• **Your objective**
Write out the whole listing without a single alteration.

• **Data provided**
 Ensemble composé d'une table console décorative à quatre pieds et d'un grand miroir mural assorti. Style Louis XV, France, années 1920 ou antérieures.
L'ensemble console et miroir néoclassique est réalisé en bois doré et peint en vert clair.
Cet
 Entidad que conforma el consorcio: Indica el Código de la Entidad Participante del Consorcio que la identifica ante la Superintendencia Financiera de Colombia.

• **Written solution**
 Ensemble composé d'une table console décorative à quatre pieds et d'un grand miroir mural assorti. Style Louis XV, France, années 1920 ou antérieures.
L'ensemble console et miroir néoclassique est réalisé en bois doré et peint en vert clair.
Cet
 Entidad que conforma el consorcio: Indica el Código de la Entidad Participante del Consorcio que la identifica ante la Superintendencia Financiera de Colombia.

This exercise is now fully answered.